Each Droplet is billed per hour up to its monthly cap.

 _Do I have to pay the cost of the server every time I create a new one?_

No—you only need to pay for 1 hour of usage. For example, spinning up a new
512MB server just to test something for a couple of minutes will only cost you
$0.0074

[https://www.digitalocean.com/pricing/#business](https://www.digitalocean.com/pricing/#business)

------
staticelf
Cool idea and service, however, I would think this is going to be used a lot
for abuse and since you are targeting people who only need a server for a very
short span of time I doubt many will continue and actually paying for the
service.

But I hope you will succeed because there will probably come a time when I
need something like this.

------
Procrastes
First impressions:

* I love this idea. This is basically what I use Digital Ocean for, and this reduces the steps.

* I would like to see bitbucket sign-in and keys support.
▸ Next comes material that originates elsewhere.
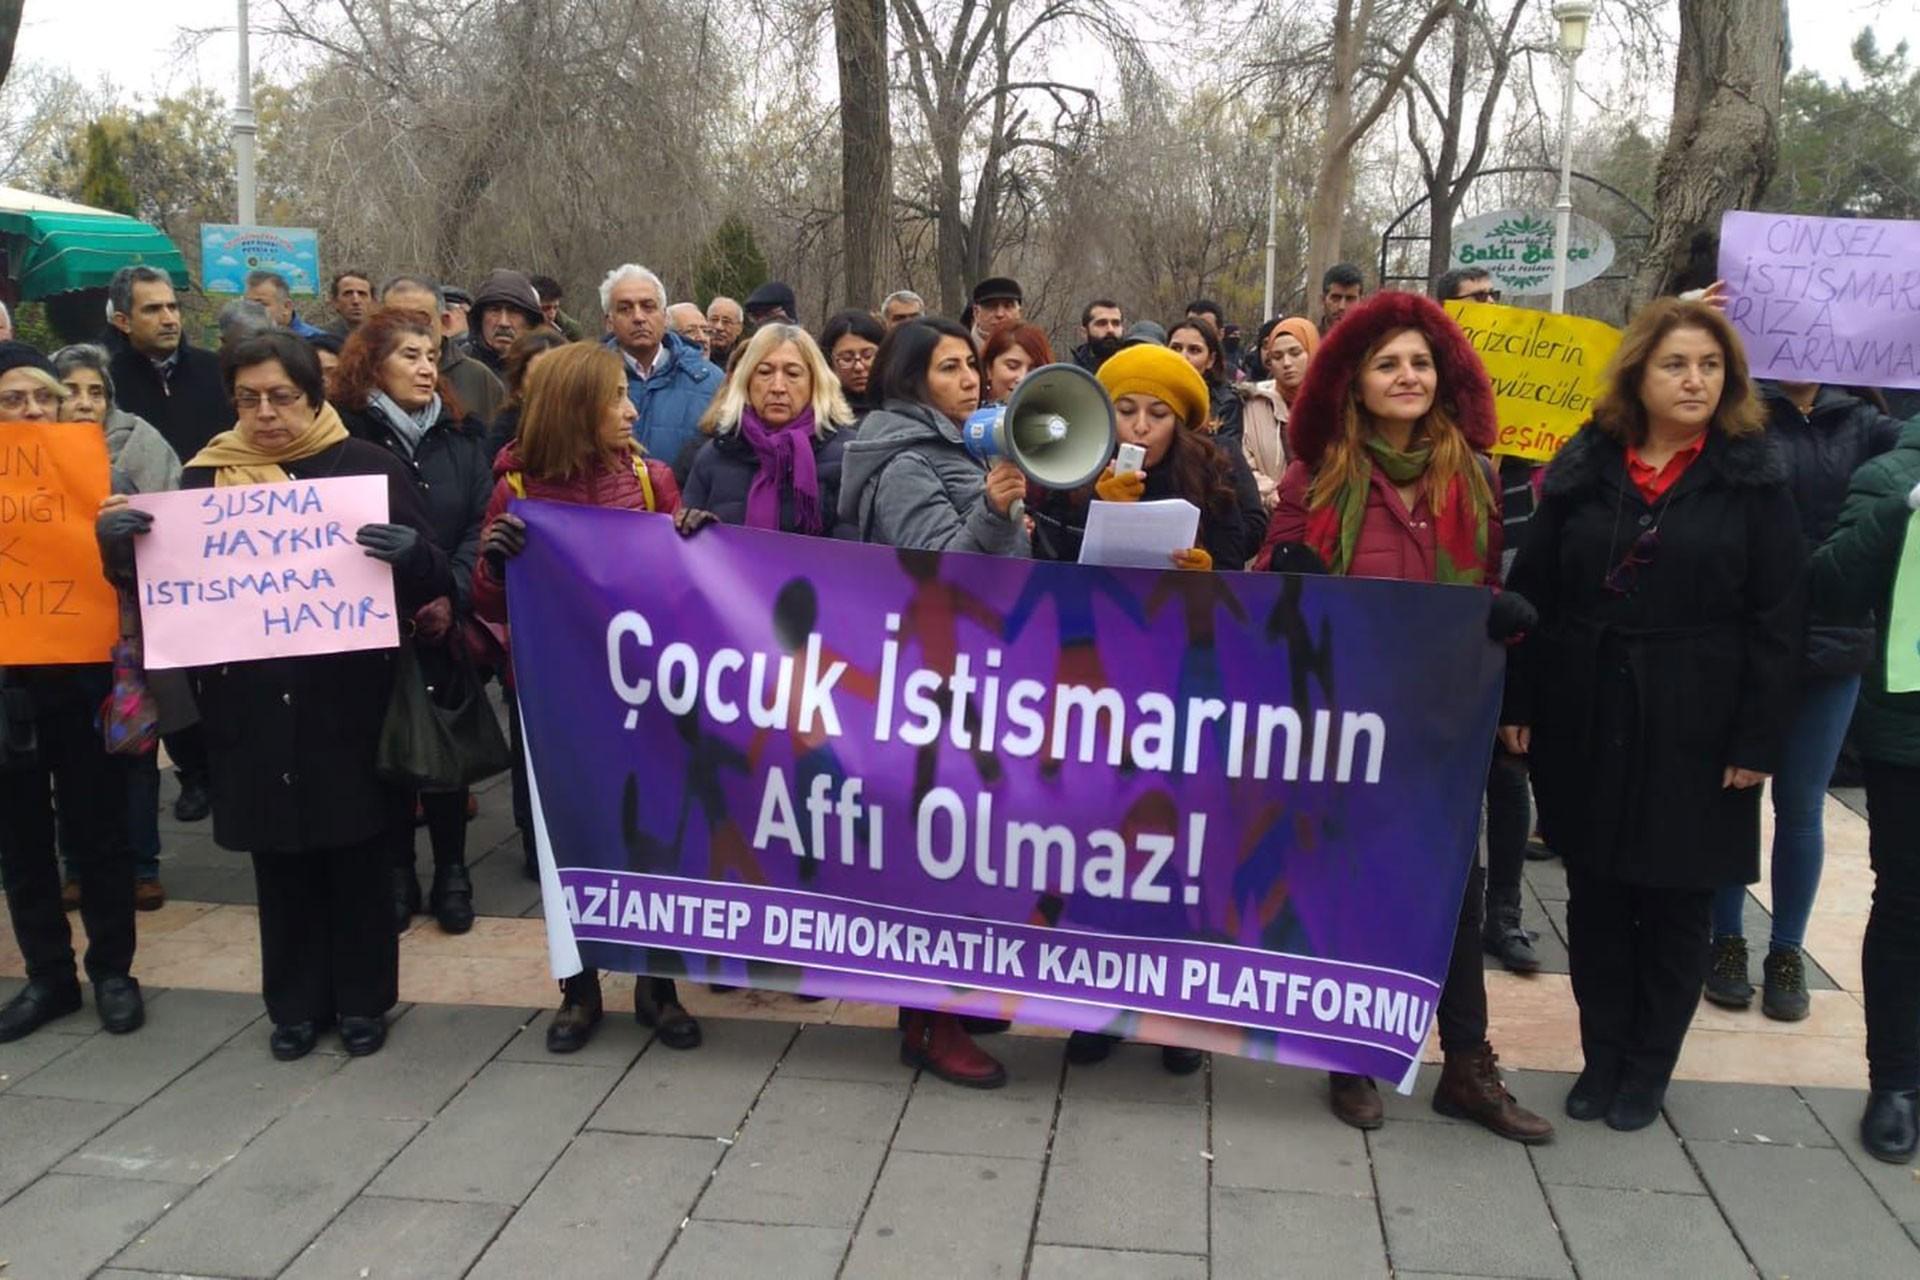 Antep Demokratik Kadın Platformu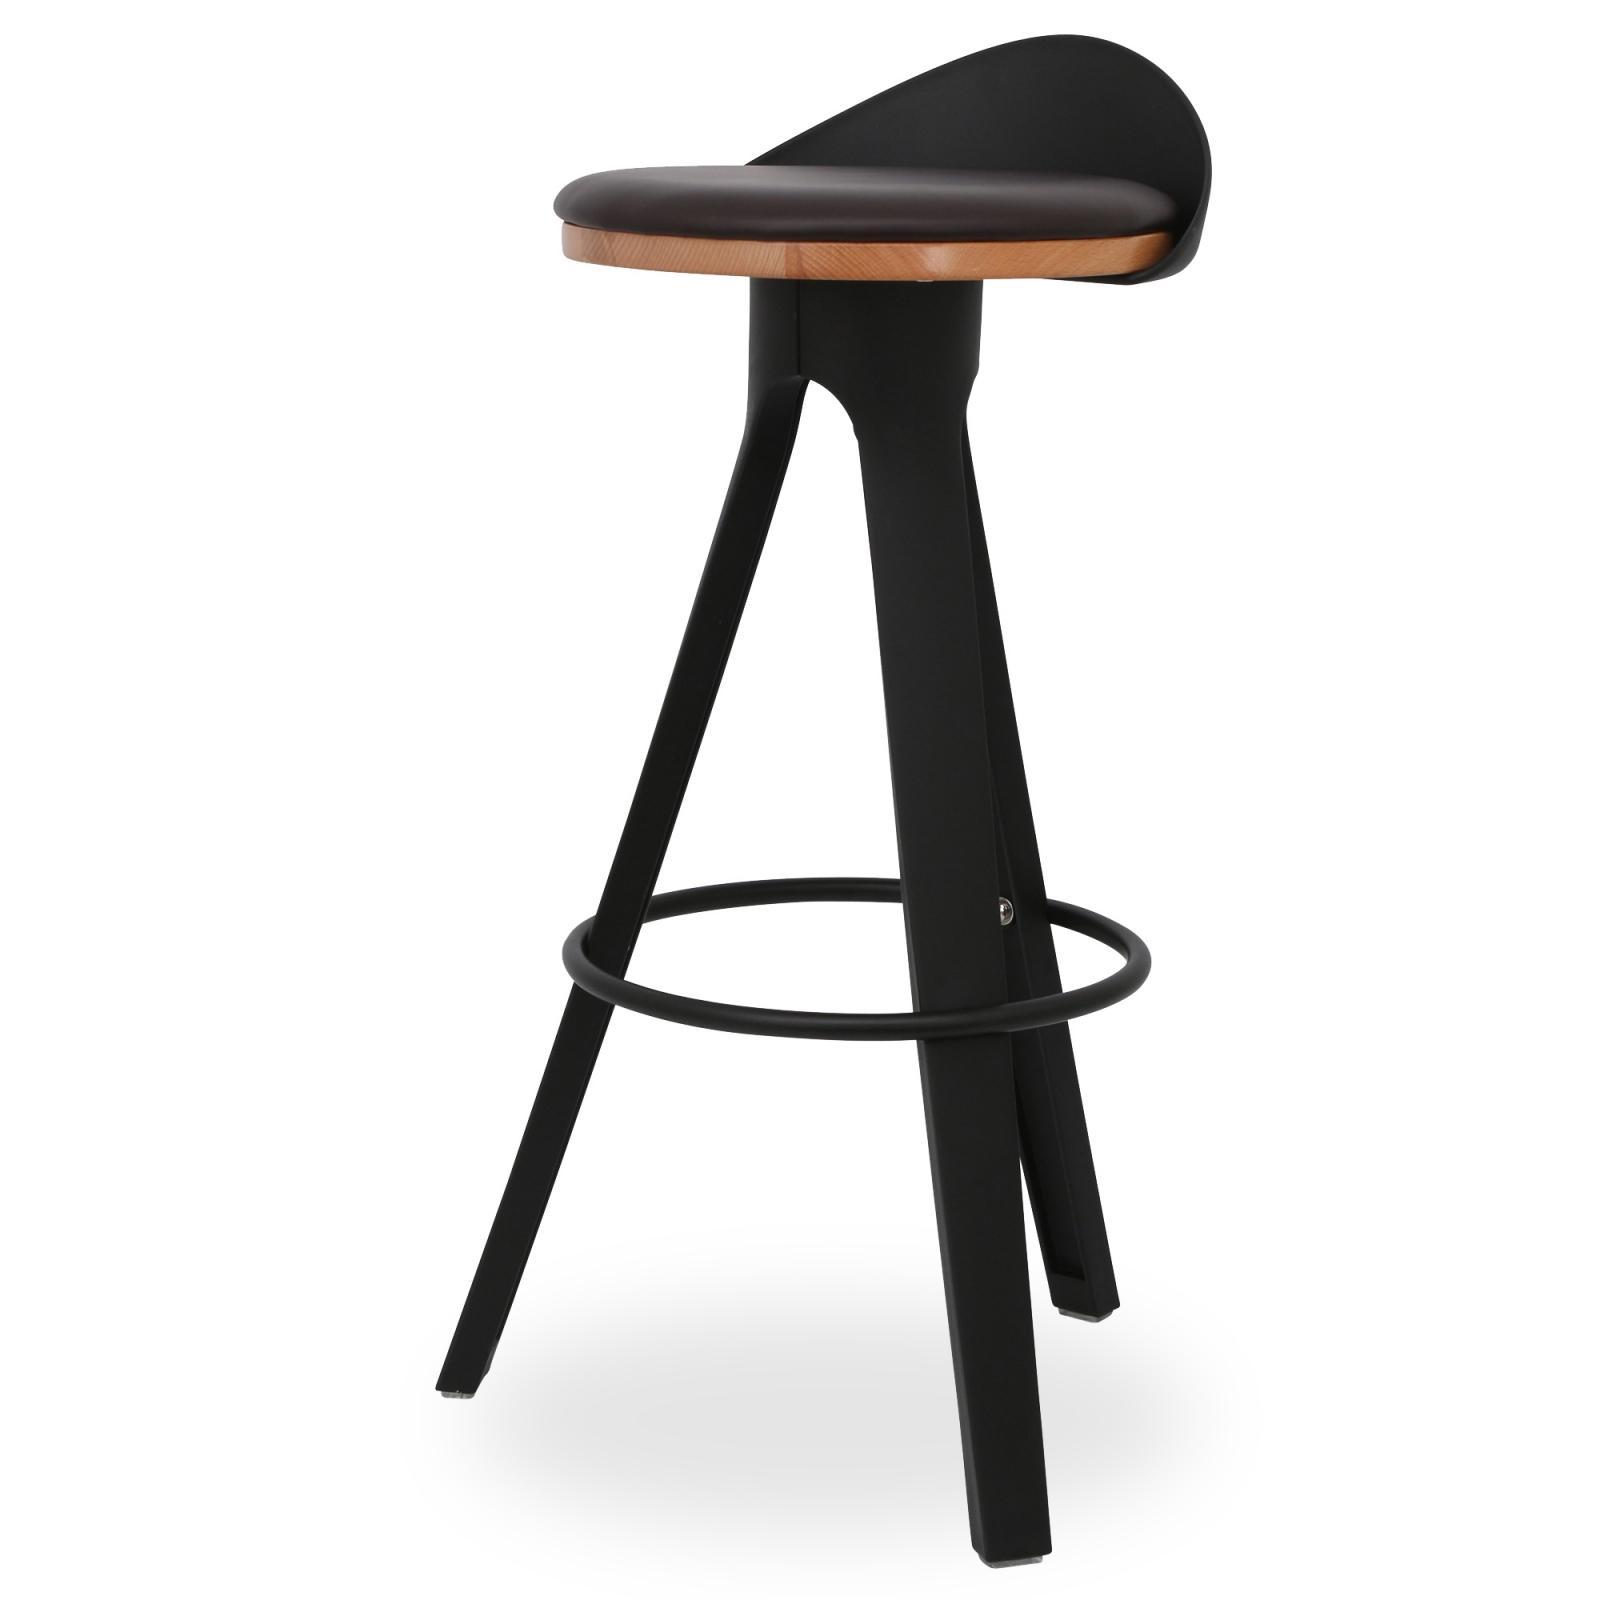 Ghế bar Trio mặt gỗ có nệm chân nhựa PP 1/3

* I missed the server name field on my first pass. My eyes were drawn to the drop-downs. So when I hit the submit I got an error and, even then, it took me a moment to see where the servername should go.

* I probably wouldn't have noticed the "create a button" if I hadn't read about it here.

* I agree with others that a "destroy" option would be nice.

* The button is cool.

This whole approach makes me want to start embedding cloud-init scripts in all
my repositories. But then I loose using cloud-init for pulling down my
personal dotfiles and preferred packages. I'll have to think about how to
solve that.

Great idea! I hope this takes off.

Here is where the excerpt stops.